The lecture does not only include the explanation of the paradox of plankton but offers also an introduction to the basic principles of chaos theory to understand its application to an important problem in ecology.

The unified theory of biodiversity - the neutral way out

Bernd Blasius, University of Oldenburg

The unified theory of biodiversity is a simple mathematical model for explaining the diversity and relative abundance of species in "neutral" ecological communities. Here neutrality refers to the assumption of per capita ecological equivalence among all individuals of a species, and thus it stands in striking contrast to the believe of many ecologists that different species behave in different ways from one another. Notwithstanding neutral theories have been applied successfully to describe empirical patterns in diverse ecosystems, giving rise to a controversial debate of "neutrality vs the niche" in modern ecology.
This lecture will provide a gentle introduction into neutral models. Starting from Hubble's first formulation we will discuss the calculation of species abundance distributions, the comparison to field data and several modern developments of the theory.

Computational Fluid Dynamics I - III

Joachim Peinke, University of Oldenburg

In this contribution, we want to discuss some aspects of how to solve the fundamental equations for fluid mechanics.
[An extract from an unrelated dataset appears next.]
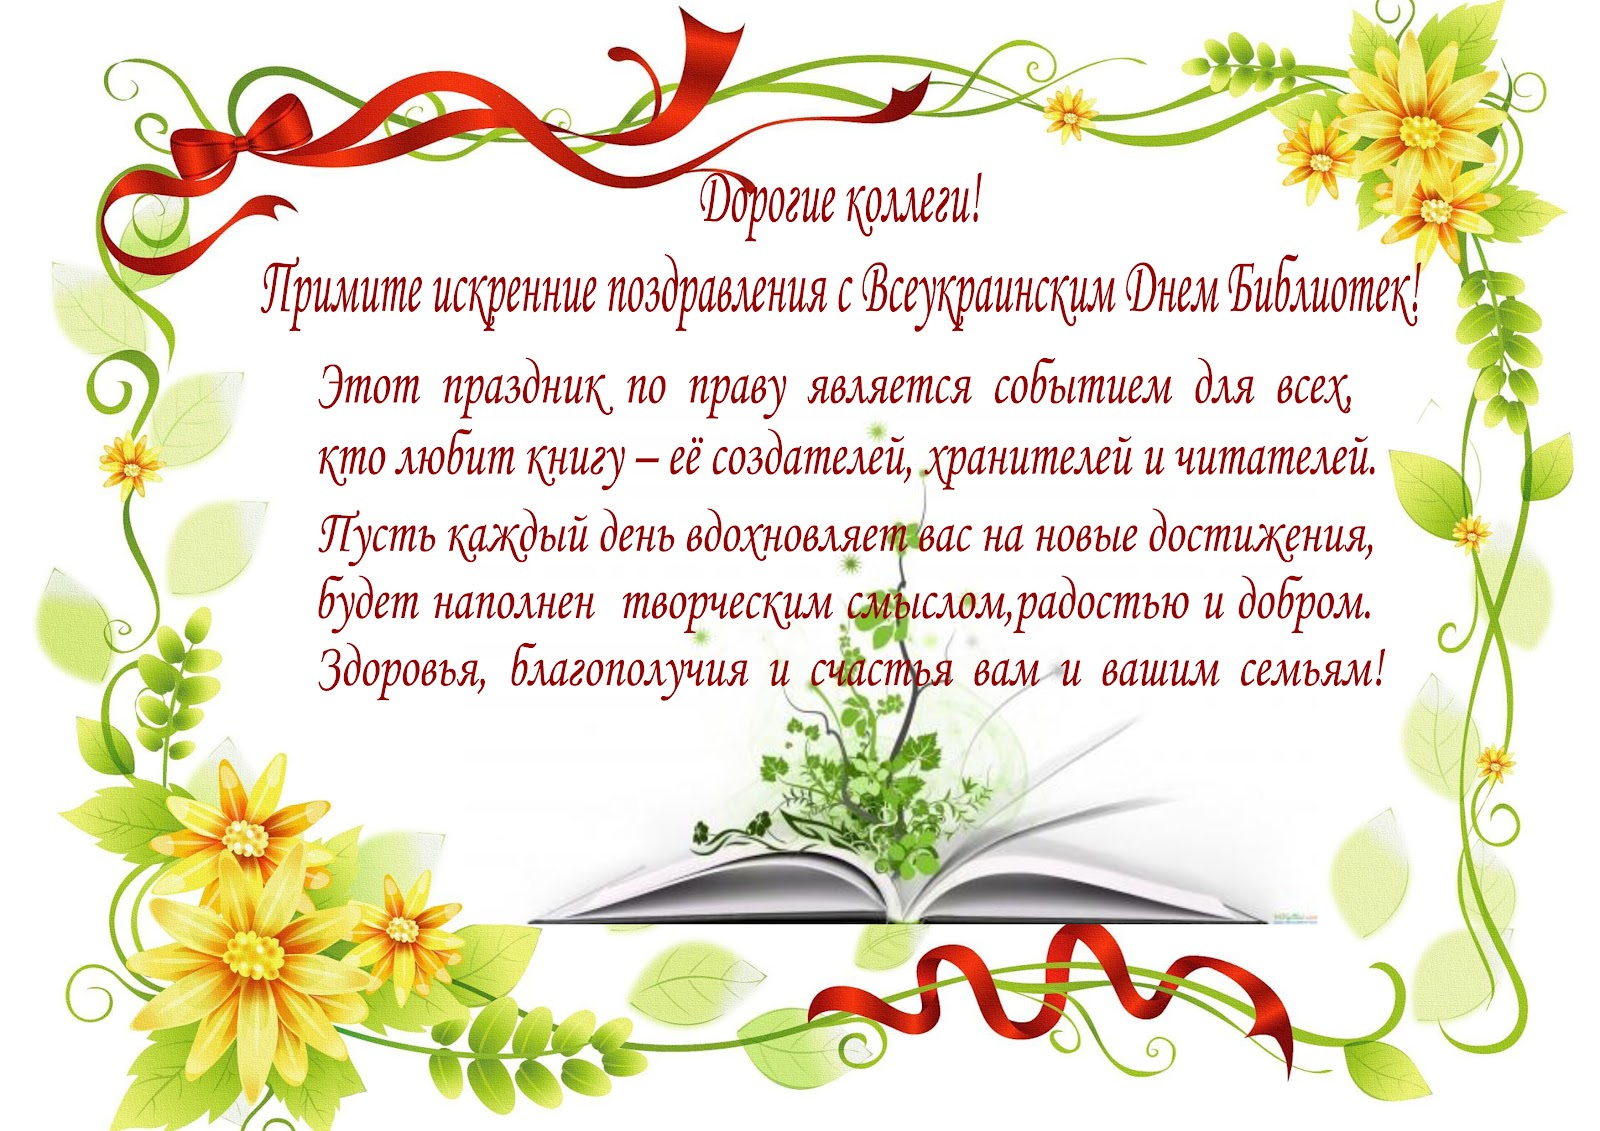 Поздравление с днём библиотекаря для коллег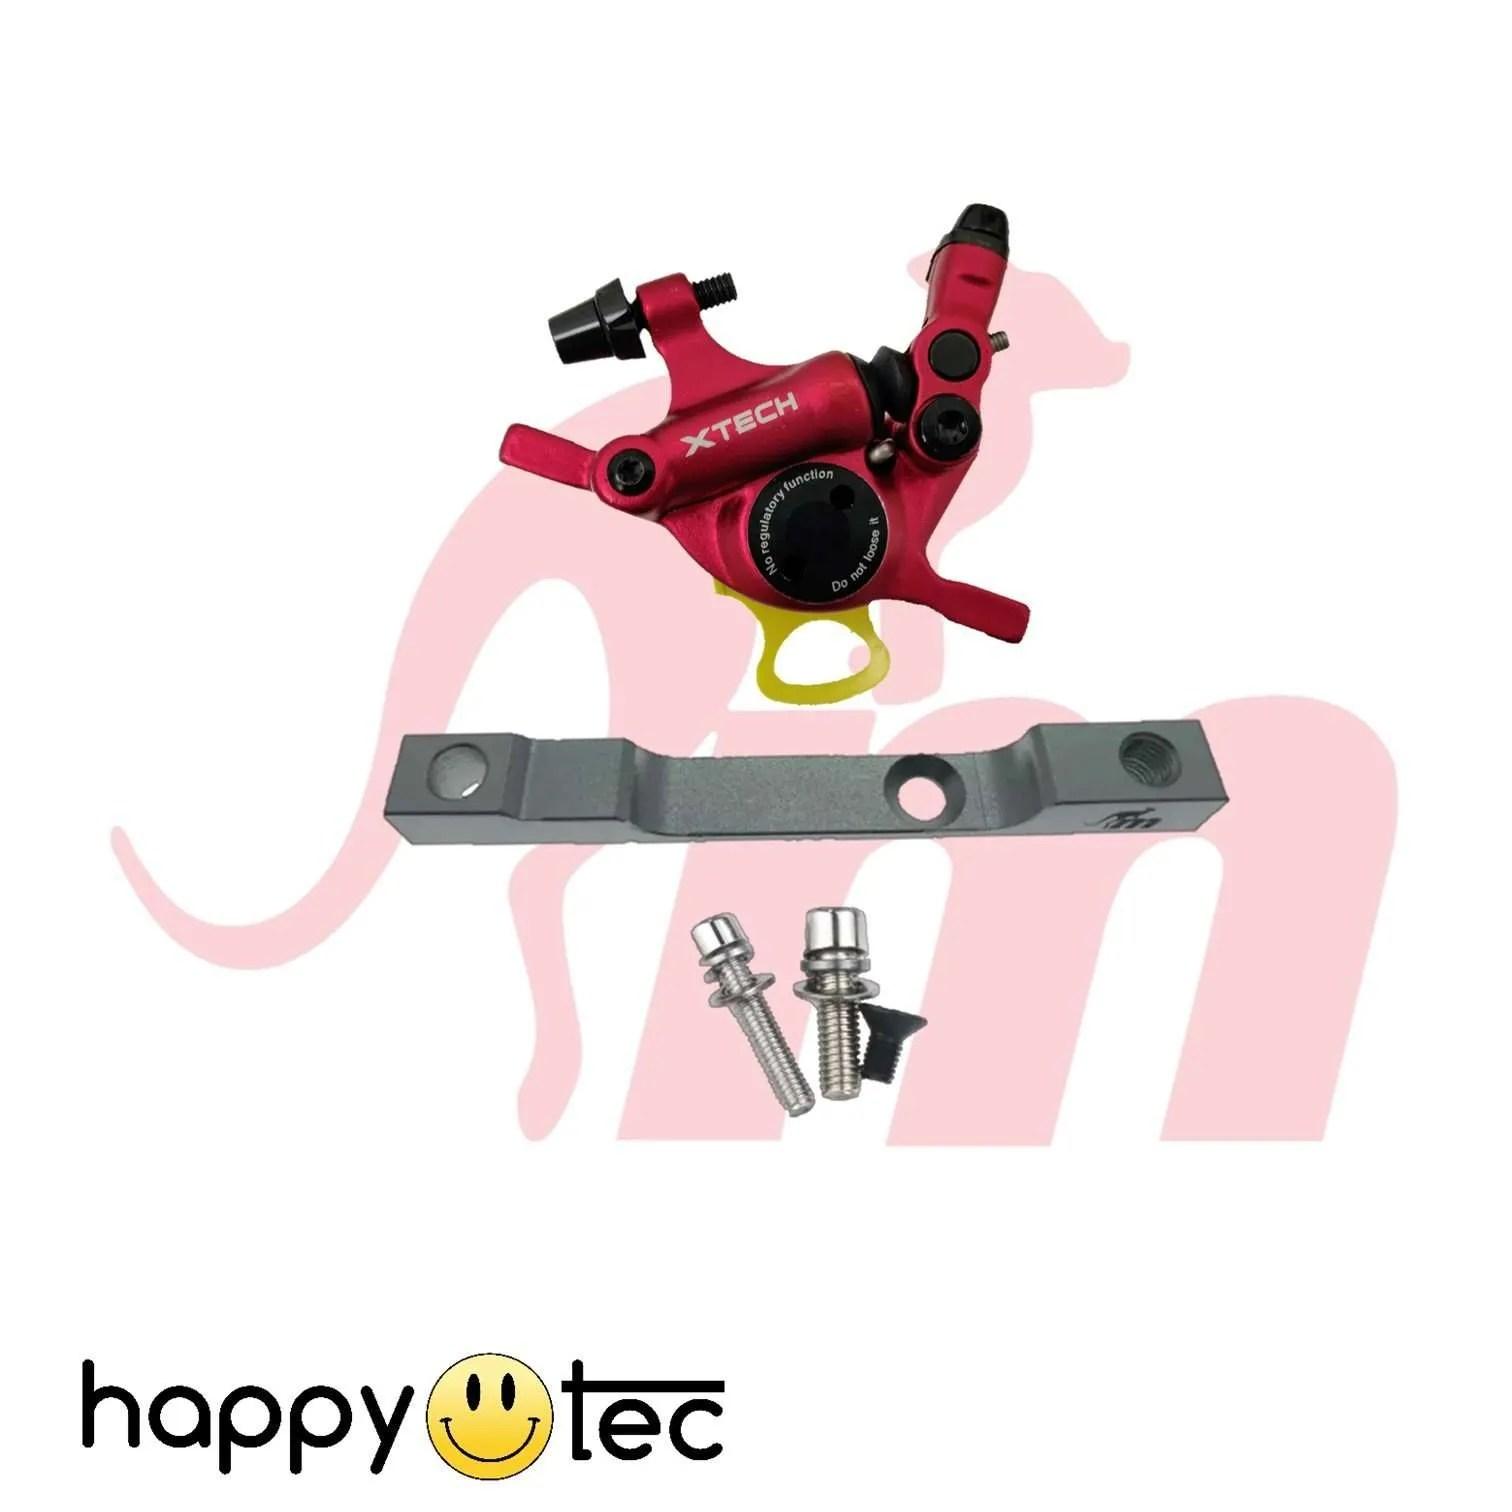 Monorim Kit pinza freno X-Tech con frame di supporto Rosso

The fluid problems are commonly described by the Navier Stokes equation, i.e. in terms of a partial differential equation. Although this equation is already an approximation, the solution of it causes serious problems. We want to focus on methods to solve the Navier Stokes equation for technical applications. First we will discuss the principles of different approximations. Then we will discuss some applications for the wind energy issue.
We will in addition introduce the participants into an open source software for solving the Navier Stokes equation, a so-called CFD (computational fluid dynamics) solver.